Dir. King Hu Chin-chuan; Pro. Run Run Shaw; Scr. King Hu Chin-chuan, Yi Cheung; Action Dir. Han Ying-chieh, Poon Yiu-kwan; Cast Cheng Pei-pei, Yueh Hua, Chen Hung-lieh, Yeung Chi-hing, Lee Wan-chung, Simon Yuen Siu-tien, Yam Ho, Han Ying-chieh.
91 min.
Seminal wuxia film, slicker than your average and bubbling with a colourful elan, although contrary to popular belief this is not quite the best martial arts film ever made. To western eyes, the stalwart knight lady at the heart of the film appears more radical now than it did back in 1960s Hong Kong, a place already familiar with strong female protagonists from traditional Peking Opera stories to wuxia novels and movies. Cheng Pei-pei, aged 19, commands the role of the lethal Golden Swallow with enough intensity to put an absent Bruce Lee in his place.

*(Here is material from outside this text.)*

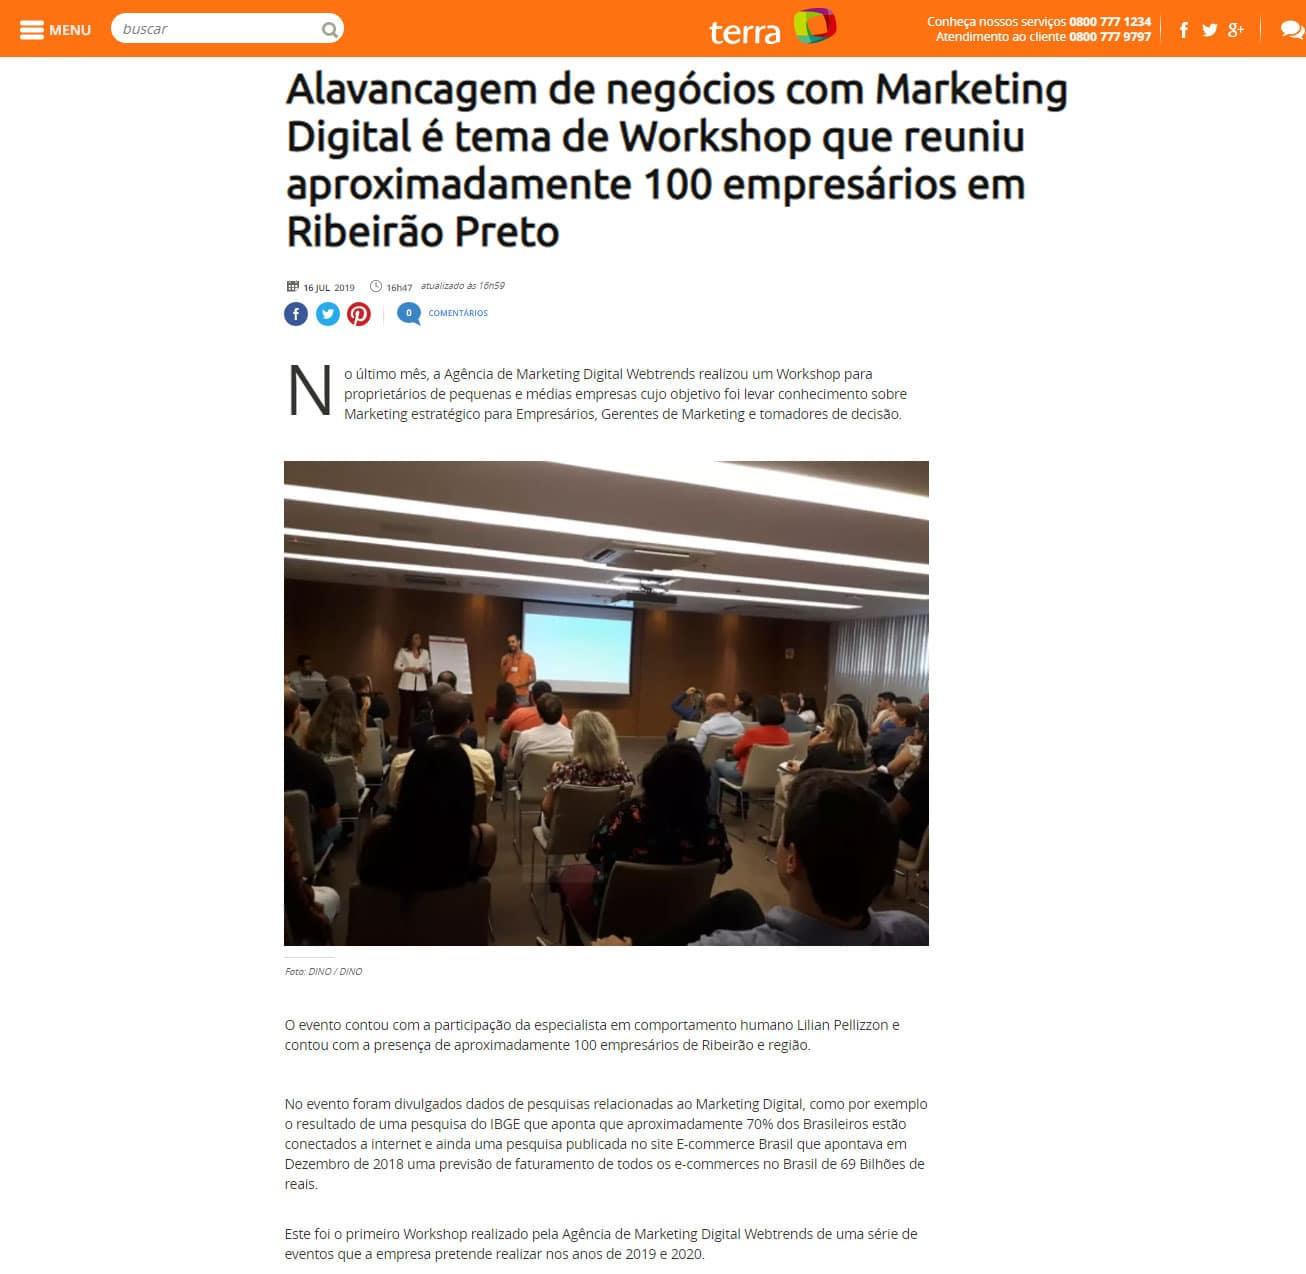 https://webtrends.net.br/wp-content/uploads/2020/02/terra4.jpg

Widely regarded as director Hu’s greatest collaboration with Shaw Brothers (and his bloodiest), his excellence in staging and photography outshine most of the action scenes which clash and fumble into one another with all the fluidity of a car crash. The story is equally incoherent. Ching rebels kidnap a Chinese official in return for their leader’s freedom, only to face the gender-bending Swallow in their wake. But lots of fun is had, particularly via the loveable Yueh Hua who plays the Drunken Cat, an Opera trained upstart who steals Pei-pei’s thunder with the mastery of a powerful hand technique which allows him to eject dry ice into the faces of his opponents.